I believe using system() will leave the parent process waiting for the child (and if you fail to redirect output, it'll definitely hang).
Using fork() and posix_setsid() is one way, but a much simpler (but not necessarily crioss-platform) solution is to hand it off to daemon like 'at':
`echo /usr/bin/php -q $my_php_script | at now`
Haven't played with this at all myself, so can't offer much other advice along those lines.
As Janin mentioned, regardless of the solution you choose. you'll want to pay special attention to is making sure that you limit the number of processes that get kicked off - if someone double-taps the submit you don't want two (or more) processes kicked off, each spewing out 60K messages... If you're sending out that many messages you'd probably want to be able to confirm the action, be able to log what messages were sent (so you know it's working and so you can track problems down if it goes berzerk), and possibly want to be able to restart a failed send from where it left off.

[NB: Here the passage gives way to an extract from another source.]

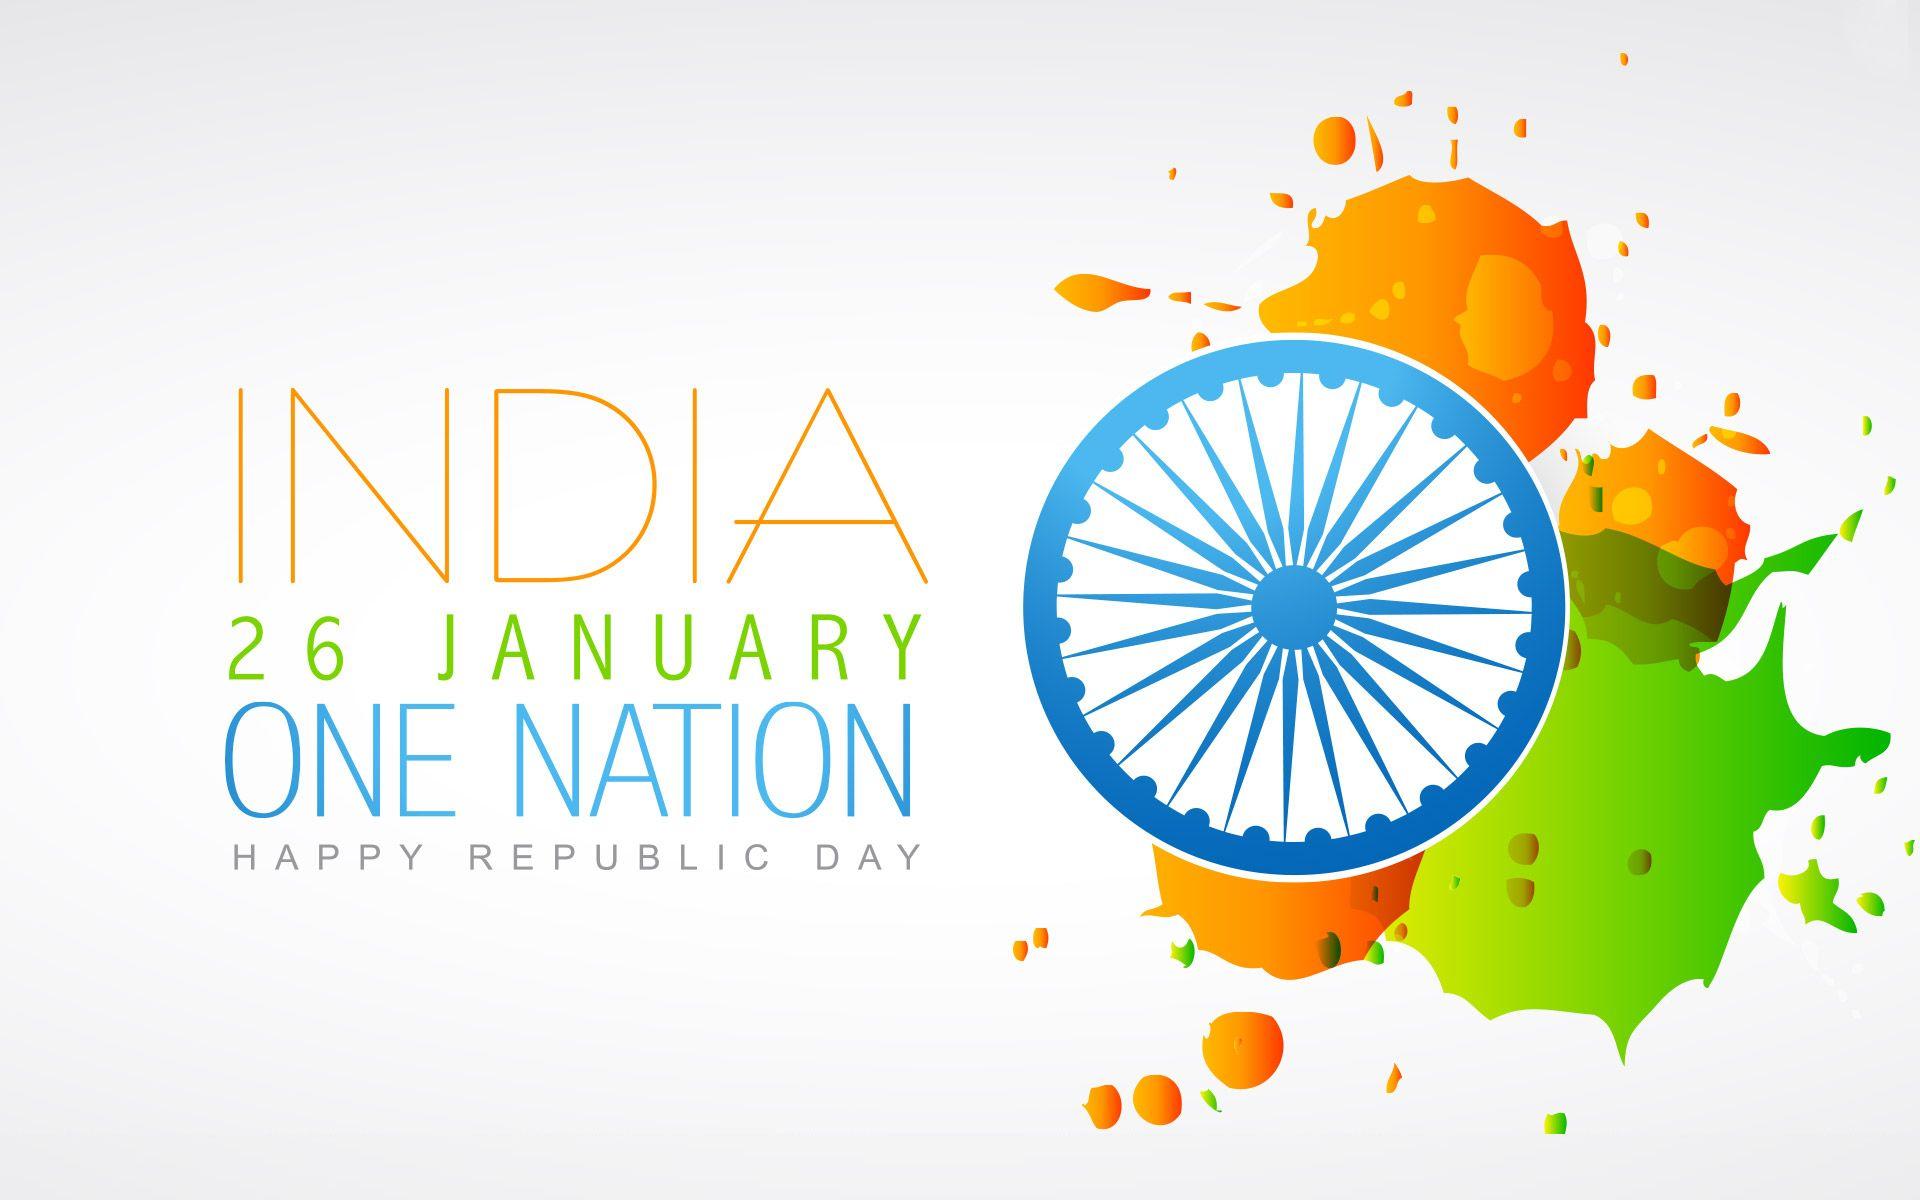 Happy Republic Day HD Wallpaper For Whatsapp Day26 JanuaryHD
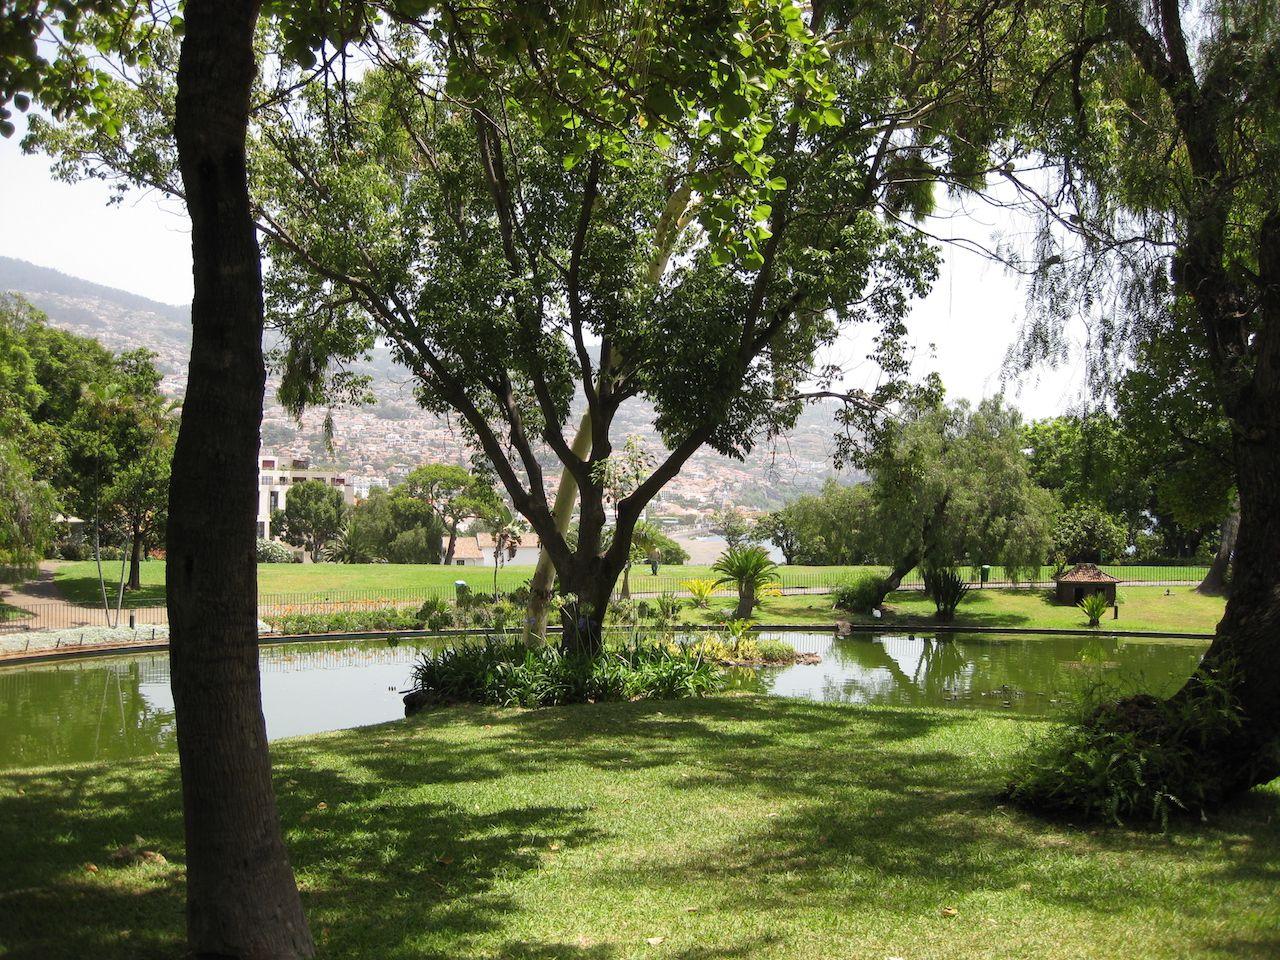 Gastcolumn | João | Verschenen op Portugal-vakantie

Have to say "bwa?" o_O to your preference of PHP over Perl. In syntax and semantics they're very similar languages... Myself, I like Perl fine. I don't use it for everything though.
My dislike for perl comes from a long history of abuse... actually, I started with perl and my first project was writing a content management system in it. I did that over a year and have since then extended and built upon it continously (this whole thing is five or six years old). The whole thing is one giant bloat of spaghetti code, and most other perl systems I've worked with (like this newsletter system I fought with recently) have been equally bloated spaghetti code monsters.
With perls whole "you can do a thing a thousand different ways" and it's tendency for code obfuscation I have a really hard time reading other peoples code. I do not have the same problem in PHP. I'll admit, PHP does have it's own set of problems, but I can do things much much quicker and in a much cleaner way than I can do in perl. Personal preference, I guess...
But `php -f mailer.php &` will return immediately because it's automatically forked into the background. Assuming that works through PHP, that is, heh.